Canterbury was a particular hotspot. This is the town Chaucer named his Canterbury Tales after, so it’s no wonder that the bands of the area added traditional English folk to their rock sound. They also added free flowing jazz and quirky lyrics, and put less emphasis on classical influences.
Even with these older stylistic influences, they also incorporated synthesizers and newer instruments. Canterbury bands like The Wilde Flowers, Caravan, and Soft Machine created a style so distinct that “Canterbury Scene” is sometimes used as a subgenre name, even for bands that aren’t from anywhere near the town.
Soft Machine member Daevid Allen was an Australian. But following a tour of France, he was denied reentry into the UK because his visa had expired.

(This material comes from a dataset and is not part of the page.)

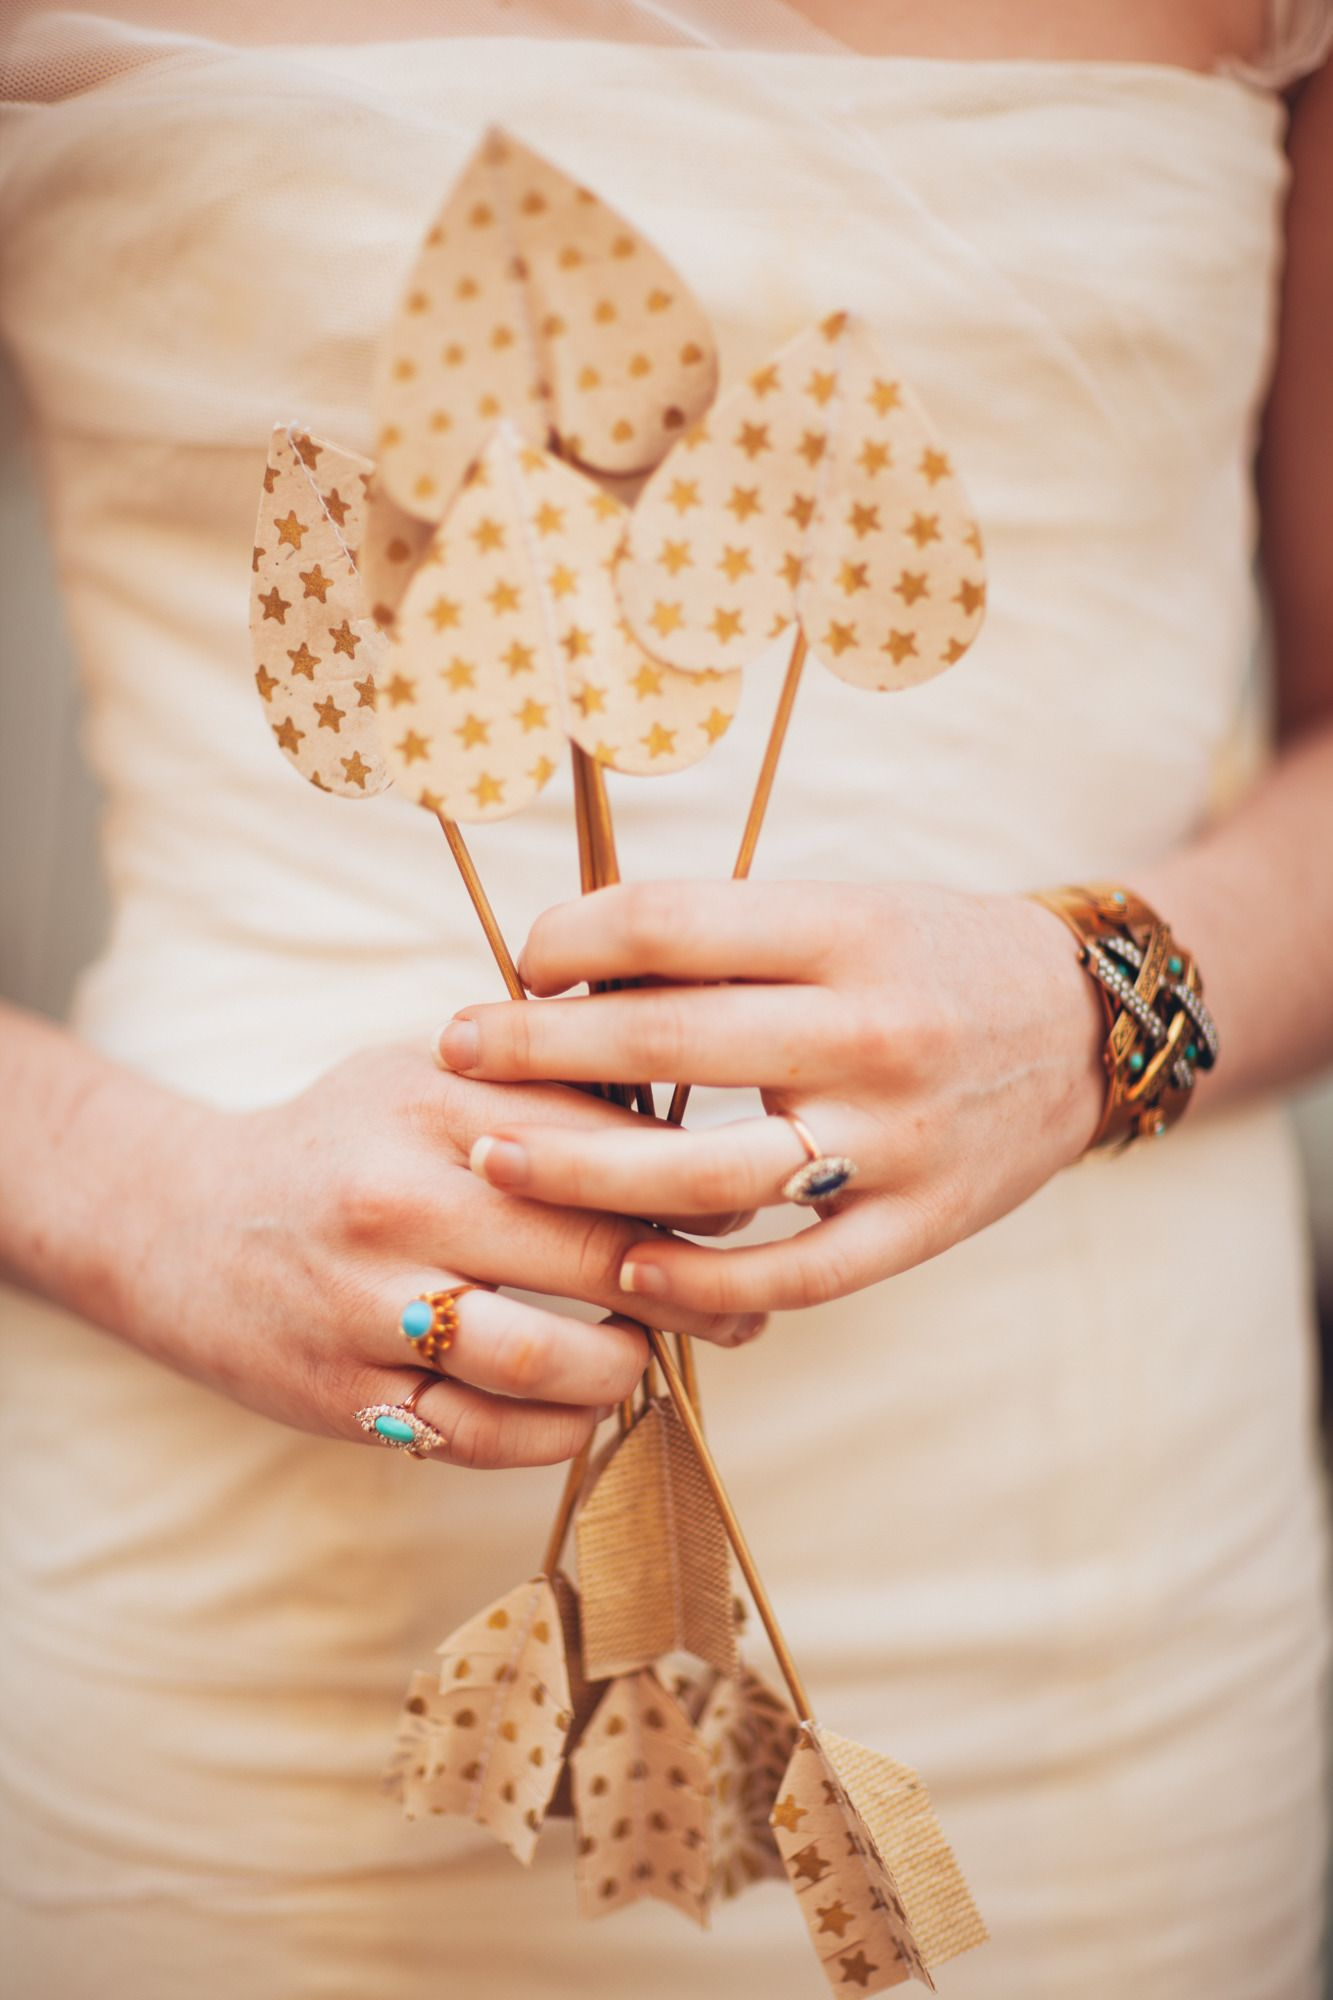 DIY gold heart arrows   Read More: http://www.stylemepretty.com/2014/08/18/diy-gold-heart-arrows-rustic-whimsical-wedding-inspiration/   Photography: Studio Finch - www.studiofinch.com

He settled in Paris and started the prog band Gong.
France, Germany, the Netherlands, and Italy all developed healthy prog rock scenes.
North America was slightly different.
Classical music isn’t a part of popular culture there, with the possible exception of Looney Toons (“Kill The Wabbit!”). So bands like Rush, Triumph, and Chilliwack from Canada, and Styx, Kansas, and Crack The Sky from the States emphasize the other characteristics of prog: long songs, a variety of instruments, embracing new sounds and techniques, literary lyrics, and concept albums.
Prog had its own sort of supergroup, too.
Greg Lake from King Crimson and Keith Emerson of The Nice had met while touring together.
Both were dissatisfied with their bands and talked about forming a new one.
They approached Mitch Mitchell, formerly of The Jimi Hendrix Experience, to play drums and suggested a jam session with him and Hendrix. That started the urban legend that the band was going to be Hendix, Emerson, Lake & Palmer, or HELP. In reality, the jam never happened at all.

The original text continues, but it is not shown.